Opposition to Manchin's plan to speed up approval of energy projects had threatened to stall passage of the funding bill. It was attached to the must-pass spending legislation as part of a bargain with Schumer and President Joe Biden in exchange for Manchin's crucial vote on a climate and tax package in August.

Manchin's decision to drop the language now leaves in limbo Equitrans Midstream Corp.'s stalled $6.6 billion Mountain Valley pipeline in his home state.

Republicans argued that the permitting provisions were just "political payback" to Manchin for his tax vote and they did not want to facilitate that deal. Senate GOP leader Mitch McConnell said the Manchin proposal was a "poison pill" and "a phony attempt to address an important topic of permitting reform."

Progressives also opposed it. Vermont Senator Bernie Sanders, who helped lead the fight against the Manchin bill, vowed to make sure any bill that helps fossil fuels stays dead.

"If we are talking about expediting clean energy products then sure," he said. "The last thing this world needs right now is any more fossil fuel projects."

Manchin blamed politics for his plan getting blocked and cited the actions of Russian President Vladimir Putin's action to "weaponize energy" in waging his war against Ukraine.
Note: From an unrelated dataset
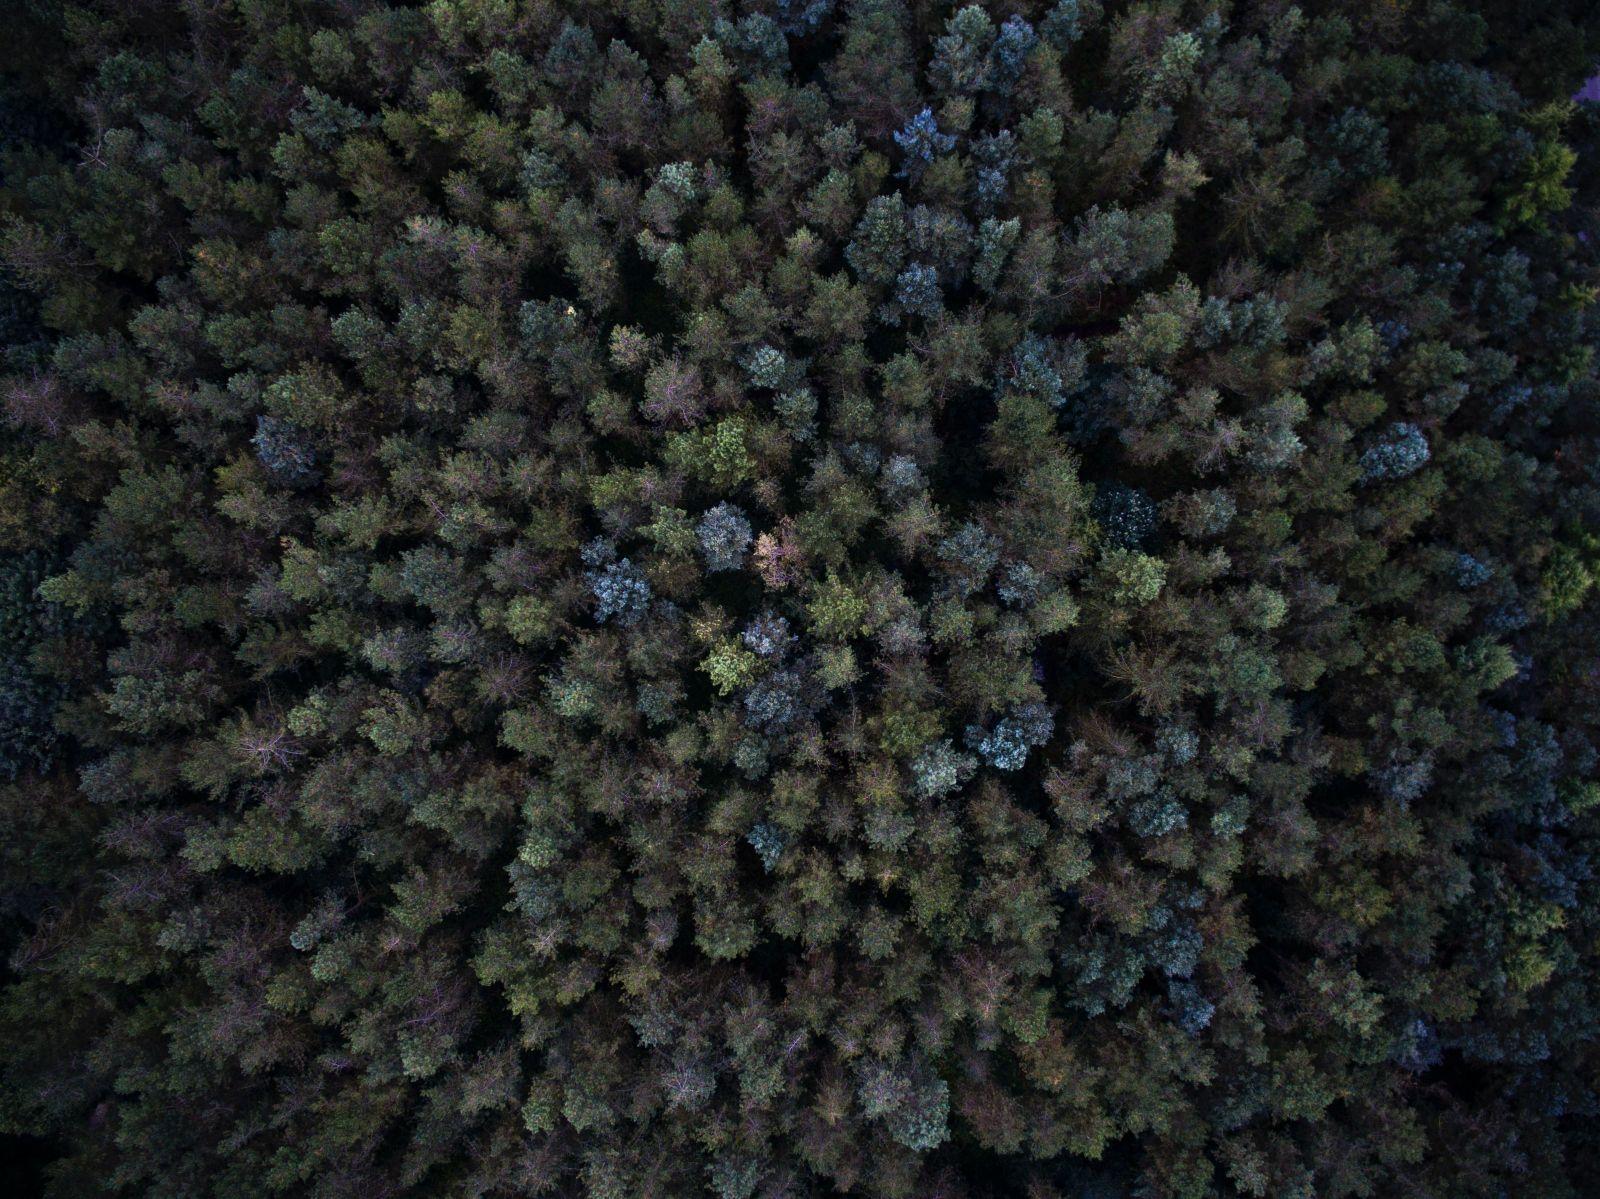 forest birds eye view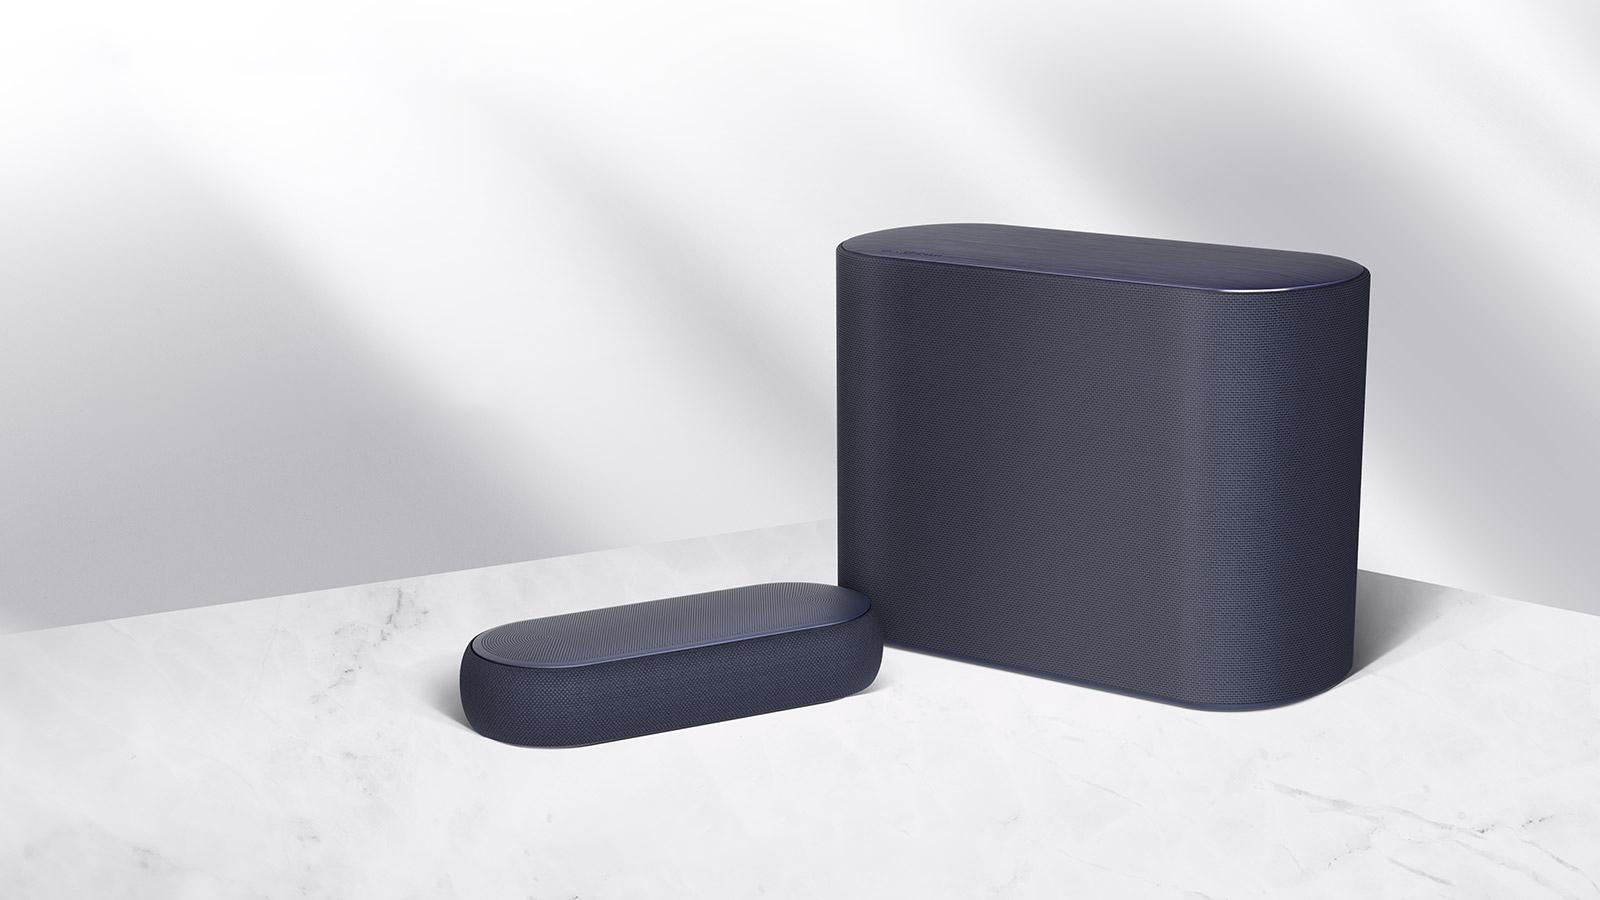 LG QP5 Éclair soundbar packs Dolby Atmos, DTS:X, and upfiring drivers in a tiny package

"A failed vote on something as critical as comprehensive permitting reform only serves to embolden leaders like Putin who wish to see America fail," Manchin said in a statement. "For that reason and my firmly held belief that we should never come to the brink of a government shutdown over politics, I have asked Majority Leader Schumer to remove the permitting language" from the spending legislation.

The decision spells the end for now for an effort by Manchin to convince his colleagues to support compromise energy permit changes that he argued were key to US energy independence and transition to renewable sources.

Schumer said that he, Manchin and other senators "will continue to have conversations about the best way to ensure responsible permitting reform is passed before the end of the year."

Senator Shelley Moore Capito, a West Virginia Republican, said she would work with Manchin to try to negotiate a new version in the coming months that can get GOP support.

"The problem is that it was a one party proposal," she said. Capito is looking to include it in the annual defense policy bill coming to the Senate floor as soon as October. Yet any changes that please Republicans could lose Democratic votes.

Senator Rob Portman, an Ohio Republican, said he talked with Capito and Manchin about forming a bipartisan group to get a permitting bill passed. But House approval is not assured. At least 72 Democrats have come out against the substance of Manchin's energy permit changes.

The remaining parts of the funding bill extend agency funding through Dec. 16, past the November midterm elections. The leaders of the appropriations committees have vowed to complete work on the 12 annual spending bills in the post-election lame duck period. That's a tall order because Congress has enacted none of the bills and if control changes hands in the midterms, there will be pressure on Republicans to postpone final bills until the new Congress is sworn in in January.